Hand gestures are the nonverbal communication done by individuals who cannot represent their thoughts in form of words. It is mainly used during human‐computer interaction (HCI), deaf and mute people interaction, and other robotic interface applications. Gesture recognition is a field of computer science mainly focused on improving the HCI via touch screens, cameras, and kinetic devices. The state‐of‐art systems mainly used computer vision‐based techniques that utilize both the motion sensor and camera to capture the hand gestures in real‐time and interprets them via the usage of the machine learning algorithms. Conventional machine learning algorithms often suffer from the different complexities present in the visible hand gesture images such as skin color, distance, light, hand direction, position, and background. In this article, an adaptive weighted multi‐scale resolution (AWMSR) network with a deep embedded hybrid convolutional neural network and long short term memory network (hybrid CNN‐LSTM) is proposed for identifying the different hand gesture signs with higher recognition accuracy. The proposed methodology is formulated using three steps: input preprocessing, feature extraction, and classification. To improve the complex visual effects present in the input images, a histogram equalization technique is used which improves the size of the gray level pixel in the image and also their occurrence probability.
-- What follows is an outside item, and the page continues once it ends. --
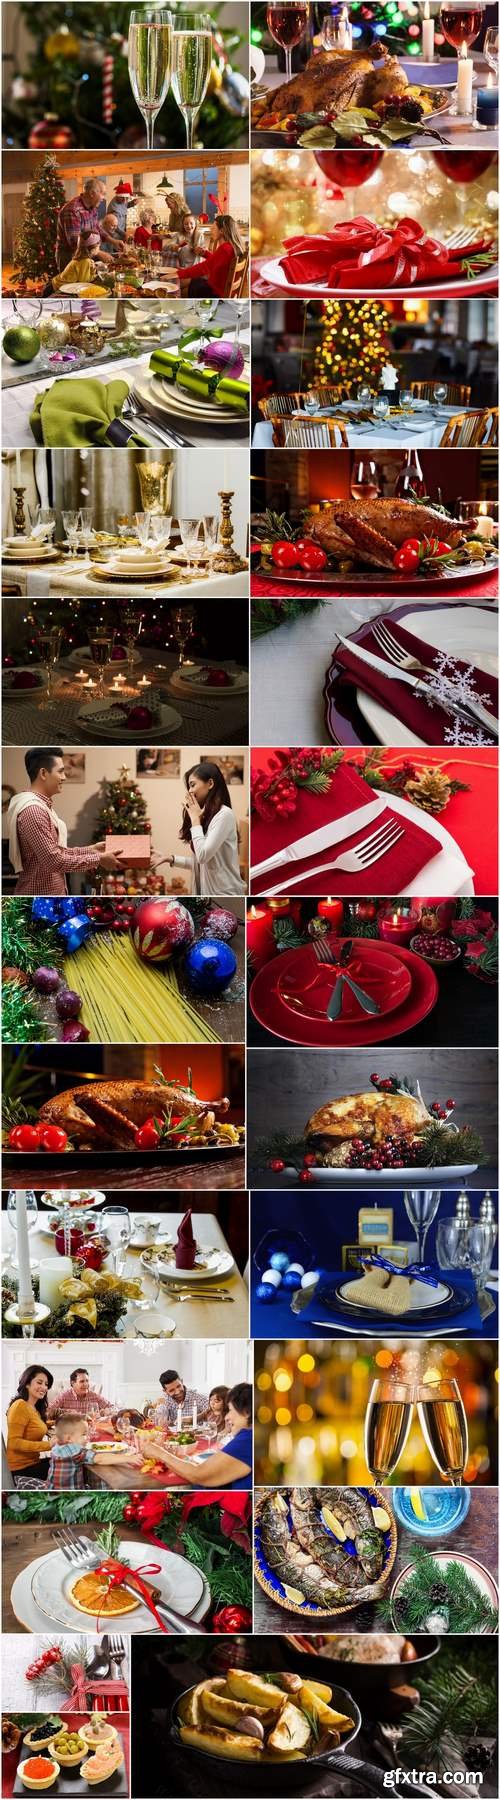 Holiday dinner family New Year table setting banquet dish eating food cutlery 25 HQ Jpeg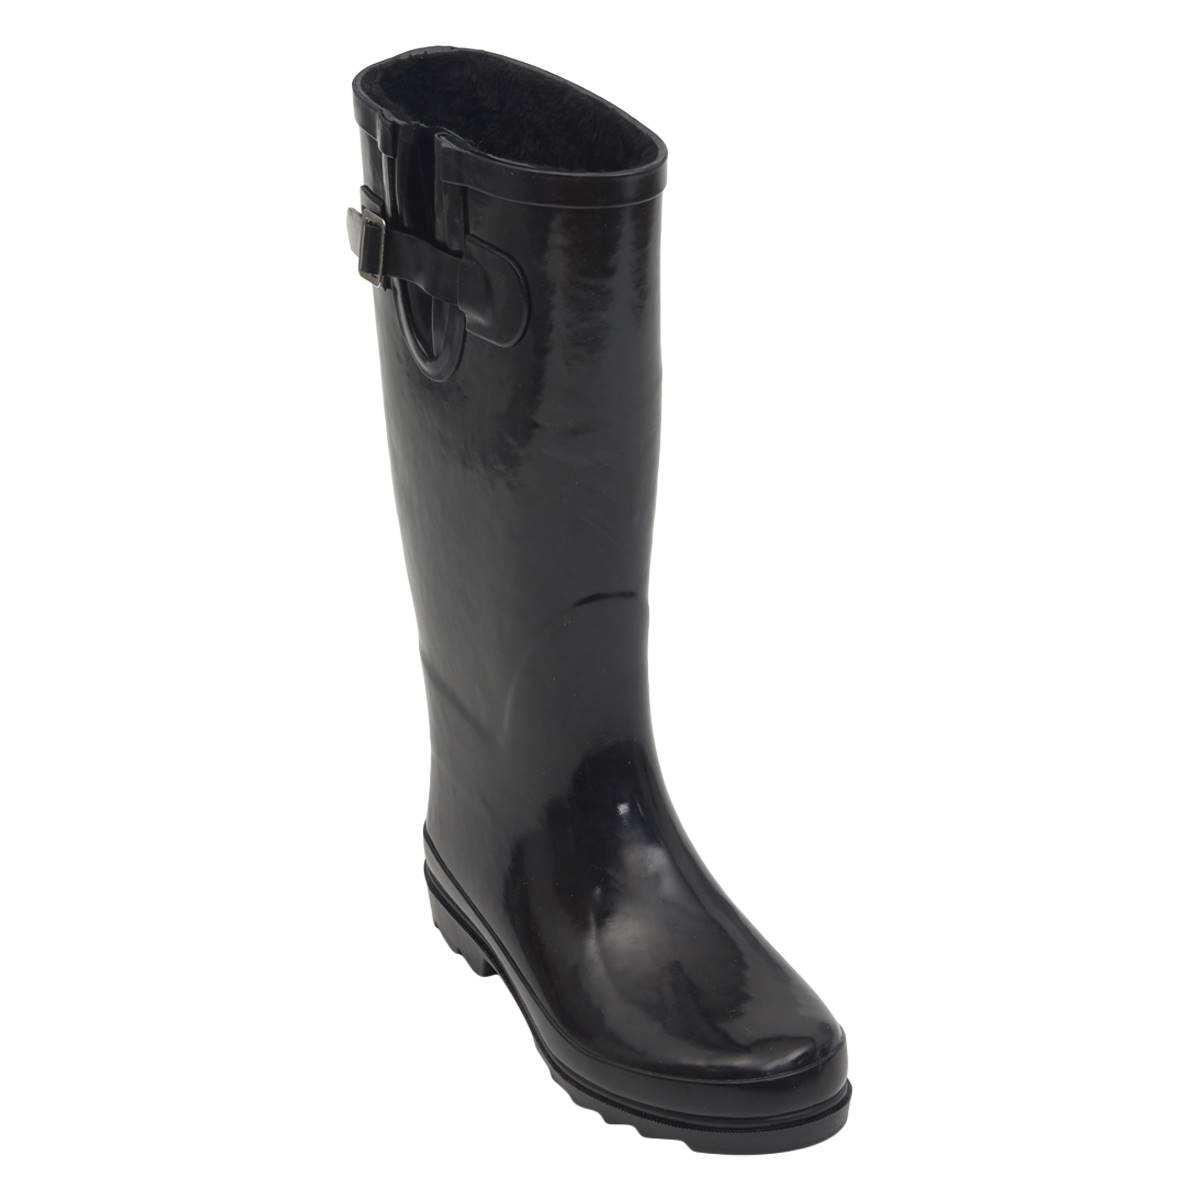 Womens Fifth & Luxe Tall Faux Fur Lined Rain Boots

The multi‐block local binary pattern (MB‐LBP) algorithm is employed for feature extraction which extracts the crucial features present in the image such as hand shape structure feature, curvature feature, and invariant movements. The AWMSR with the deep embedded hybrid CNN–LSTM network is applied in the two‐benchmark datasets namely Jochen Triesch static hand posture and NUS hand posture dataset‐II to detect its stability in identifying different hand gestures. The weight function of the deep embedded CNN‐LSTM architecture is optimized using the puzzle optimization algorithm. The efficiency of the proposed methodology is verified in terms of different performance evaluation metrics such as accuracy, loss, confusion matrix, Intersection over the union, and execution time. The proposed methodology offers recognition accuracy of 97.86% and 98.32% for both datasets.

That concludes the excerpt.